> [What the task asks]:
Please output the listing below character for character and omit the images.

> [Given material]:
↓
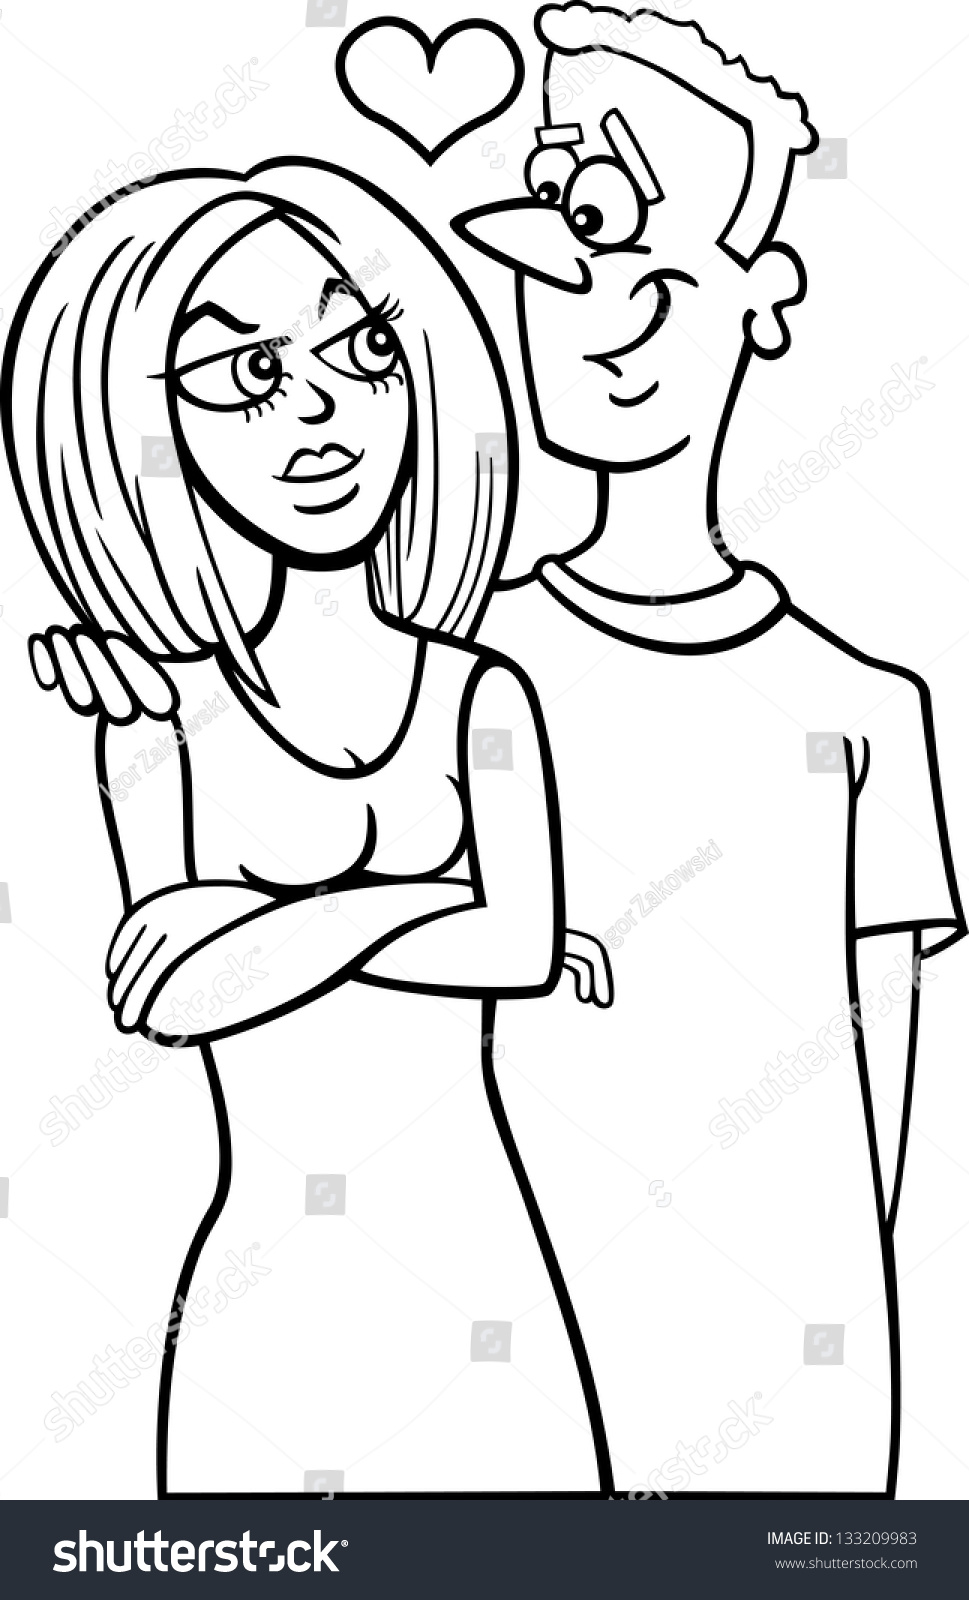 Black And White Cartoon Vector Illustration Of Man And Woman Couple In
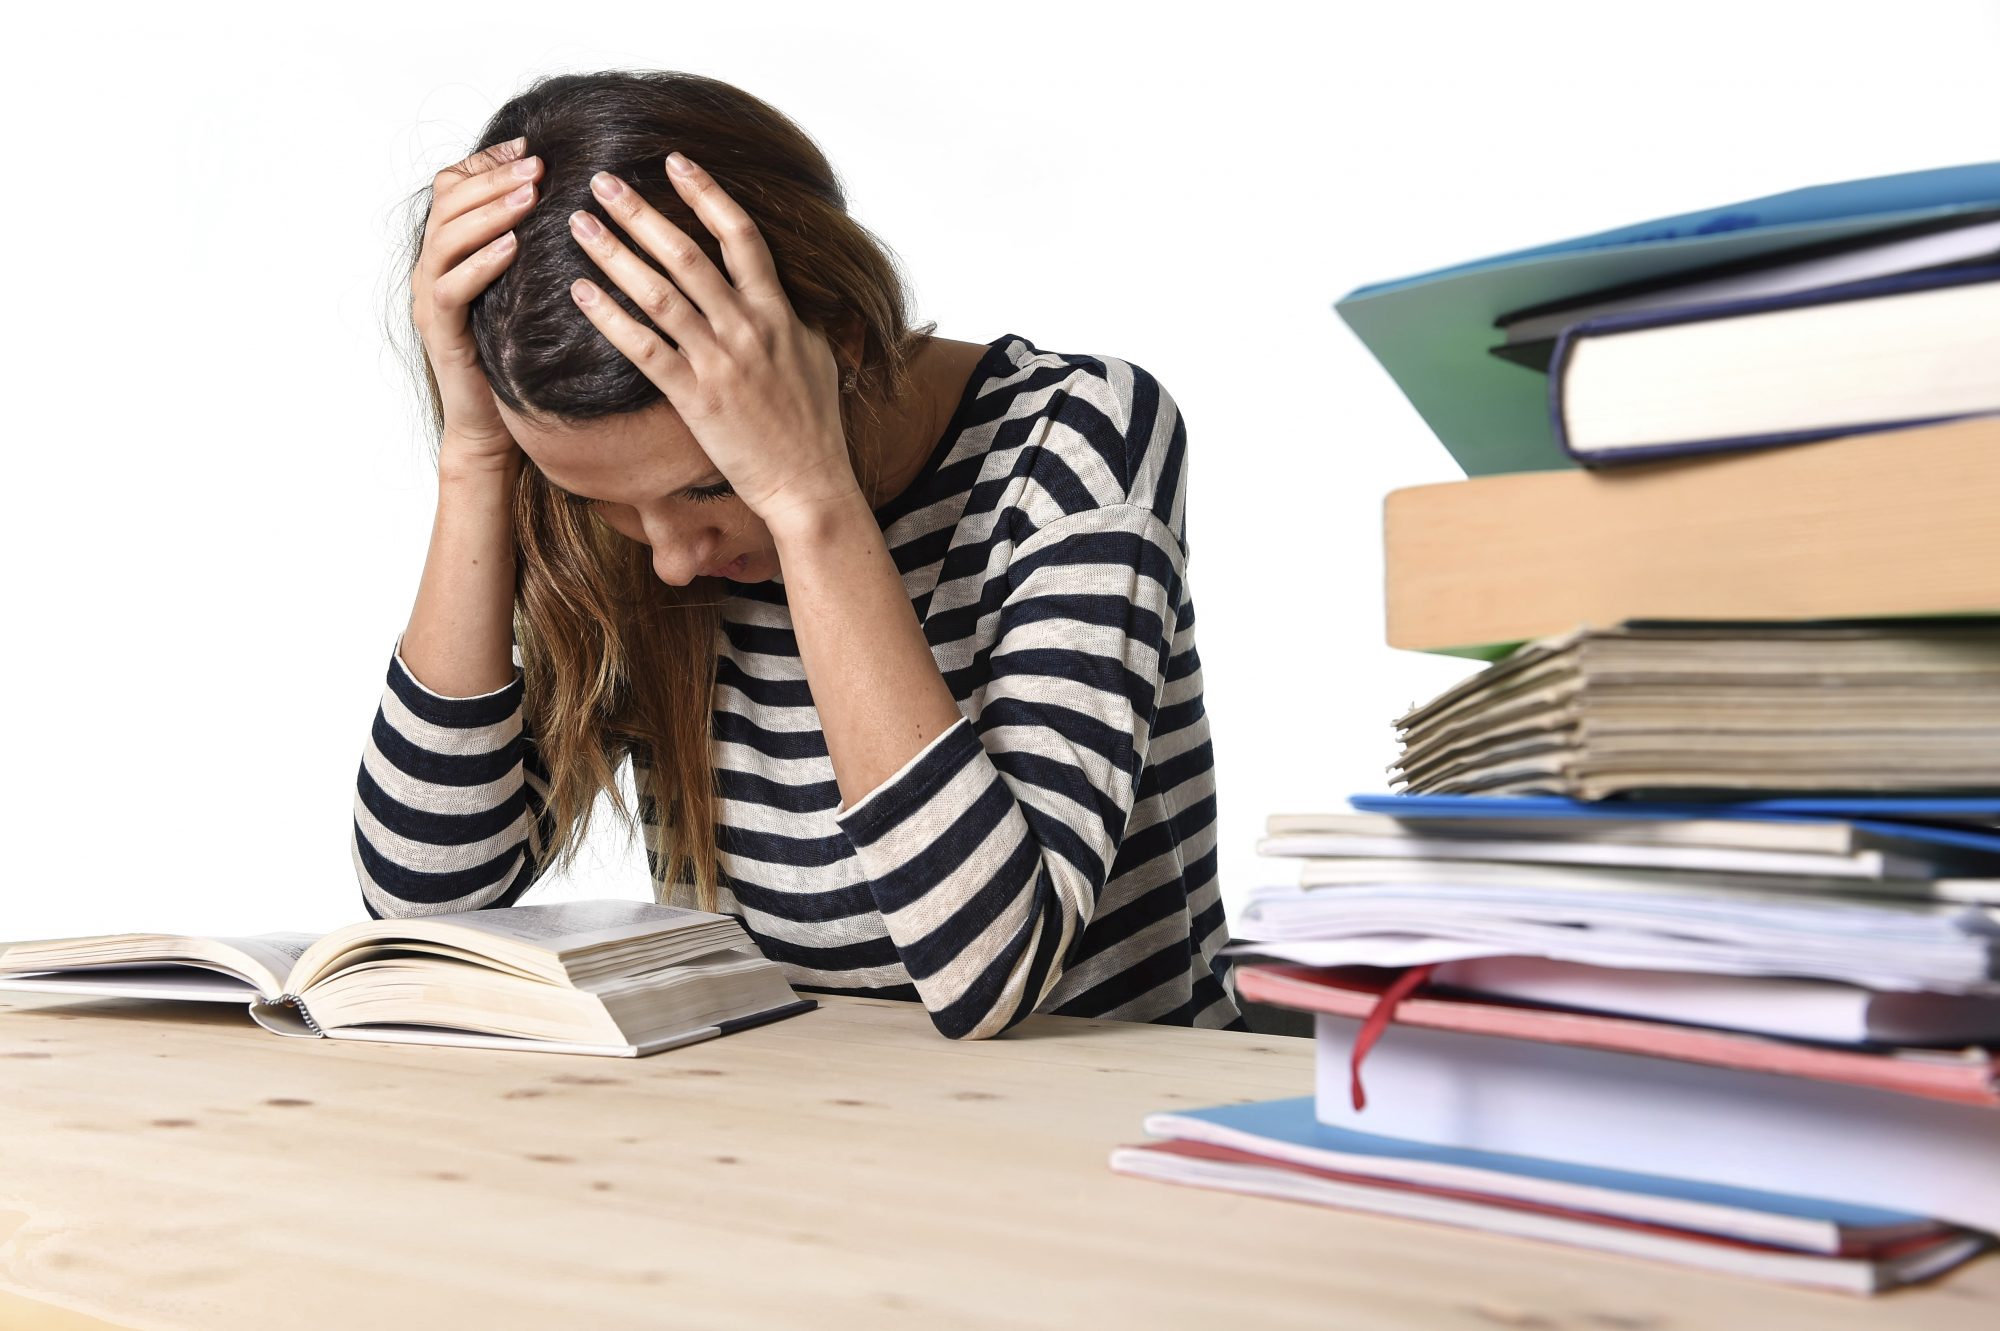 Toxic stress amongst students: How is it being combatted?
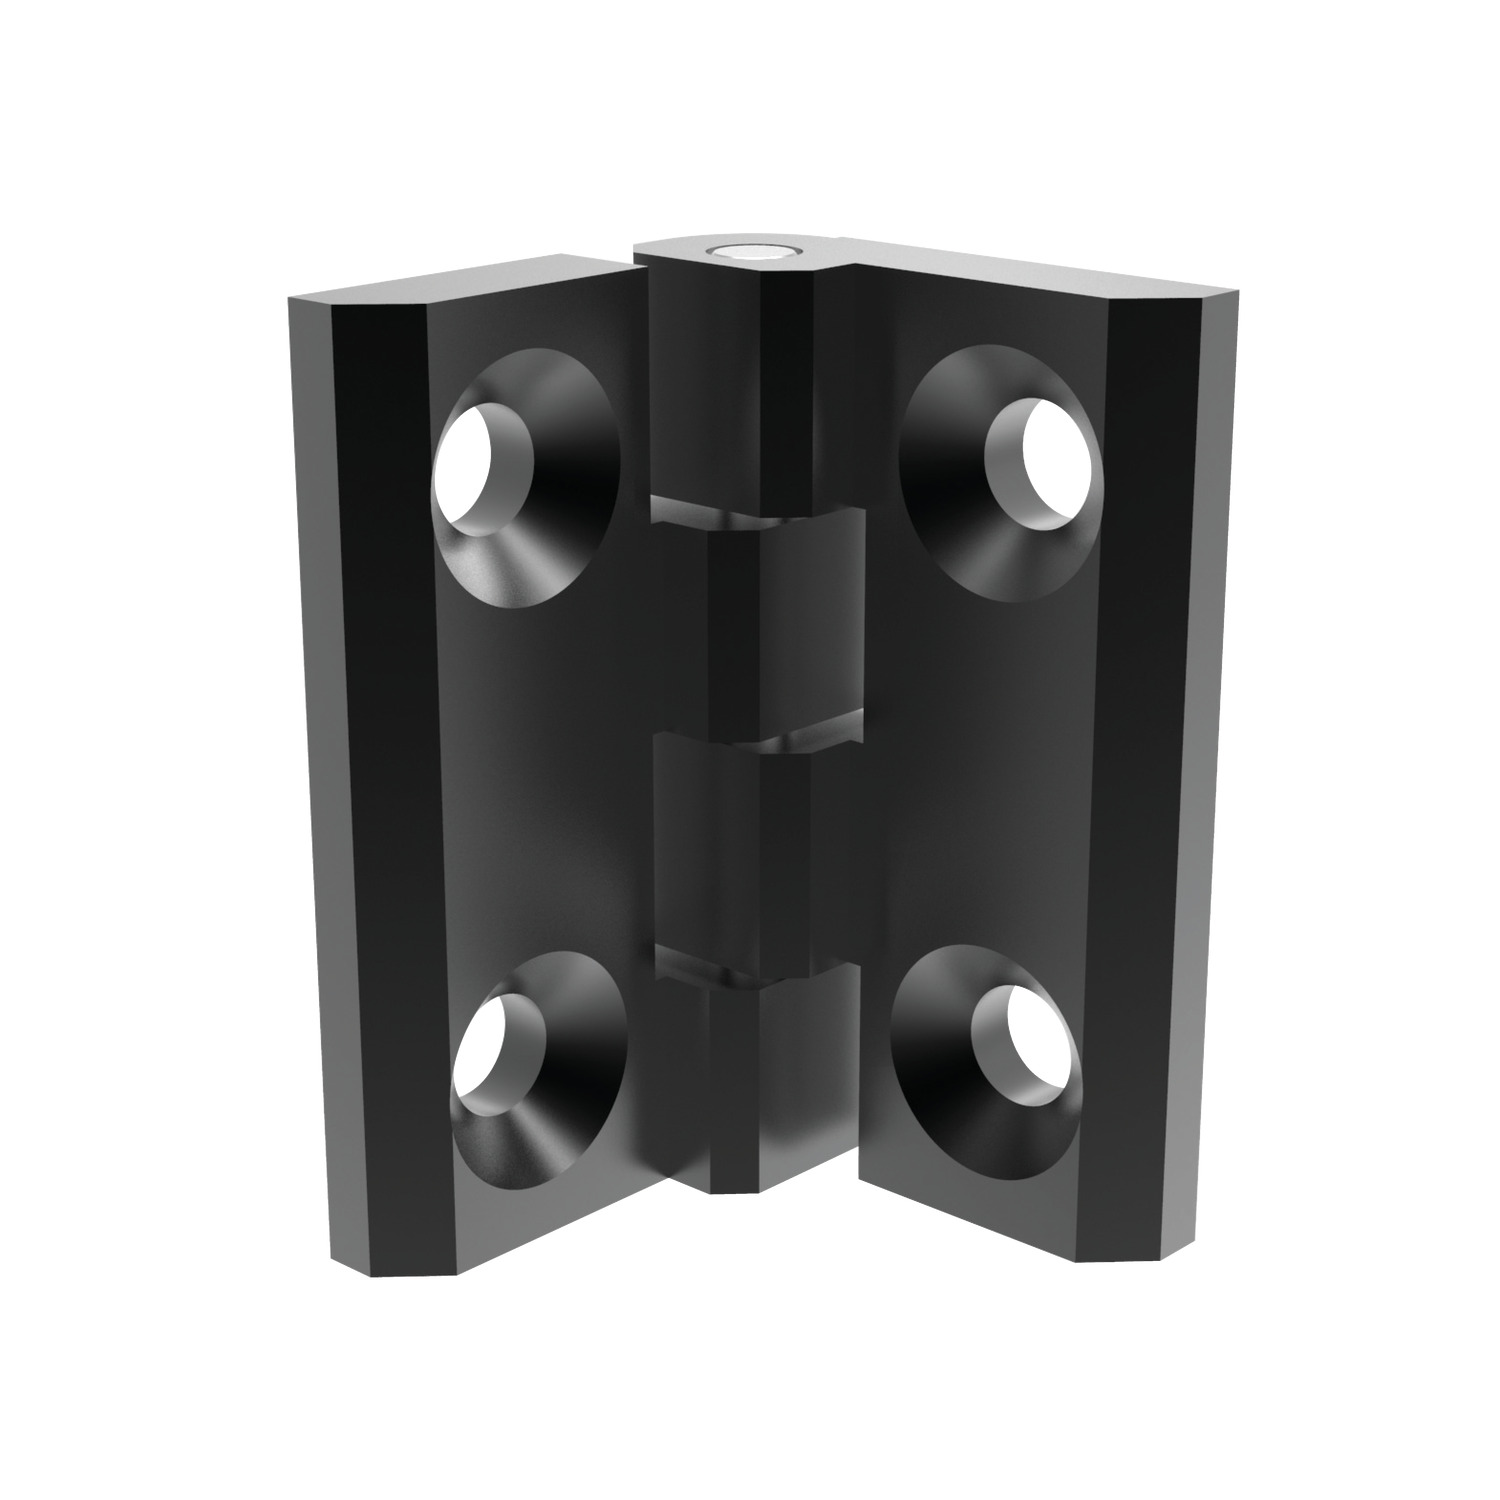 Surface Mount - Leaf Hinges Surface mount external hinges for plain/flush mounted doors as well as electrical panels and covers.
↑
> [Result]:
 Black And White Cartoon Vector Illustration Of Man And Woman Couple In
 Toxic stress amongst students: How is it being combatted?
 Surface Mount - Leaf Hinges Surface mount external hinges for plain/flush mounted doors as well as electrical panels and covers.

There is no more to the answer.